For nearly 20 years, a group of deputies at the Rankin County Sheriff’s Department in Mississippi used Tasers to torture people they suspected of using and dealing drugs. The group of officers — known as the Goon Squad — would raid homes, accuse those inside of crimes and shock them until they offered information or confessed.
The behavior had gone unnoticed, partly because the department had failed to thoroughly monitor its deputies’ Taser use.
We brought the brutality to light in a 2023 investigation published through The New York Times’s Local Investigations Fellowship. But our reporting left us wondering: How were other law enforcement agencies in the state keeping tabs on their Taser use?
A Taser automatically logs every time it is triggered, and for how long. Though these logs by themselves do not show definitive abuse, they can help police departments determine whether excessive Taser use has occurred. But if departments do not review them, the logs are of little use.
To our knowledge, reporters had never collected Taser logs at a large scale to examine how the weapons were used. For an investigation published this month, we decided to try.
It was easier said than done.
With the help of Mukta Joshi, Chelsea Long and Steph Quinn, our reporting partners at Mississippi Today, we requested Taser logs from nearly 100 Mississippi law enforcement agencies.
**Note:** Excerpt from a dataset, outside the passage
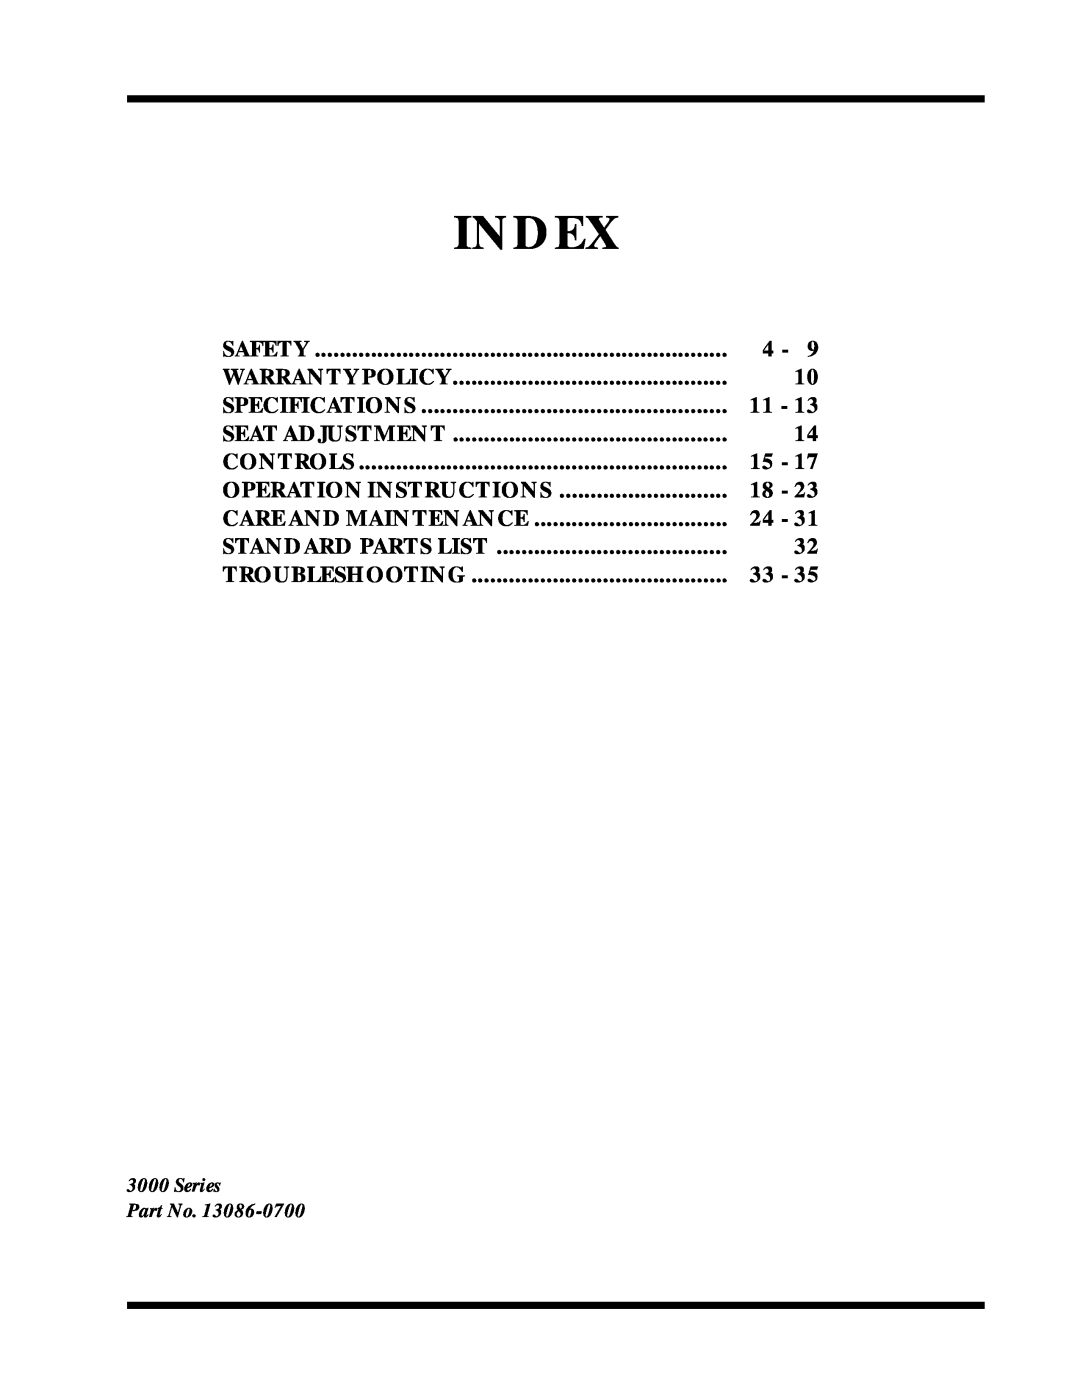 Dixon 6025 manual Index, Operation Instructions

Many ignored our requests. Some demanded enormous fees — more than $42,000 in one case — to pay their staffs to retrieve and review the logs we requested. Other departments said they did not know how to download the logs, or did not possess a cable required to do so. So we bought a cable from eBay for about $134 and drove it around Mississippi, showing some departments how to use it.
After hundreds of phone calls and emails, we had amassed logs from 36 departments, which contained more than 100,000 Taser activations. Many had never been reviewed.
Hidden in the logs, we found a story of excessive Taser use in Mississippi that had gone unnoticed for years.
Officers are supposed to avoid shocking anyone for longer than 15 seconds during an encounter, according to standards published by the Justice Department and the Police Executive Research Forum, a law enforcement think tank. Sarah Cohen and Justin Mayo, data reporters for Big Local News at Stanford University, spent weeks combing the logs for Taser deployments that had lasted longer than 15 seconds, weeding out incidents that were likely to have been tests and training sessions.
They found 611 instances over the past four years in which officers in Mississippi had triggered their Tasers for more than 15 seconds in a short period.
In one of those cases, three officers in Pearl, Miss., triggered their Tasers for a combined 136 seconds — more than nine times as long as what experts say is safe — when arresting Skylor Pruitt, a former Army medic. (Mr. Pruitt, though hospitalized for self-inflicted head wounds, was not seriously injured by officers. The department did not investigate the incident.)
The logs also revealed 16 cases when officers had failed to accurately report Taser use in arrest reports. After reading dozens of departmental policies, we realized that most Mississippi agencies did not check their Taser logs. The widespread Taser abuse we uncovered was the result of a statewide failure to monitor the weapons.
We spent months poring over the logs, reviewing thousands of pages of police and court records, and interviewing people who had been shocked. But even with all the data, it was difficult to comprehend what being shocked was like for those who had endured it.
So Brian attended a training session where he fired a Taser and allowed a deputy to shock him for five seconds. He briefly lost control of his limbs as two electrified darts pierced his back, causing severe pain.
Brian’s experience was less extreme than it would have been during a violent arrest. But it helped us contextualize the trauma many people who had been shocked by officers described.
In addition to the extreme Taser use cases we linked to arrests, we found hundreds of Taser deployments we could not explain because the departments could not provide corresponding incident reports.
Before we published our article, we sent more than two dozen agencies lists of these unexplained Taser deployments and asked them to help us understand what they represented. Many never responded. The departments that replied said that some cases had been Taser training or testing.
Some agencies wrote off the remaining Taser deployments as perhaps representing officers shocking one another as a joke, or fiddling with Tasers out of boredom; they couldn’t say for sure.
Representatives for at least two departments expressed concern about what we had shown them. And sheriff’s department representatives in George and Forrest Counties said they planned to change their Taser oversight policies.
As we shared our findings with Denis Borges, the chief of police in the small town of Magee, he interrupted our interview to type out changes to his department’s policies on the spot.
“What you just said opened my mind up,” he said.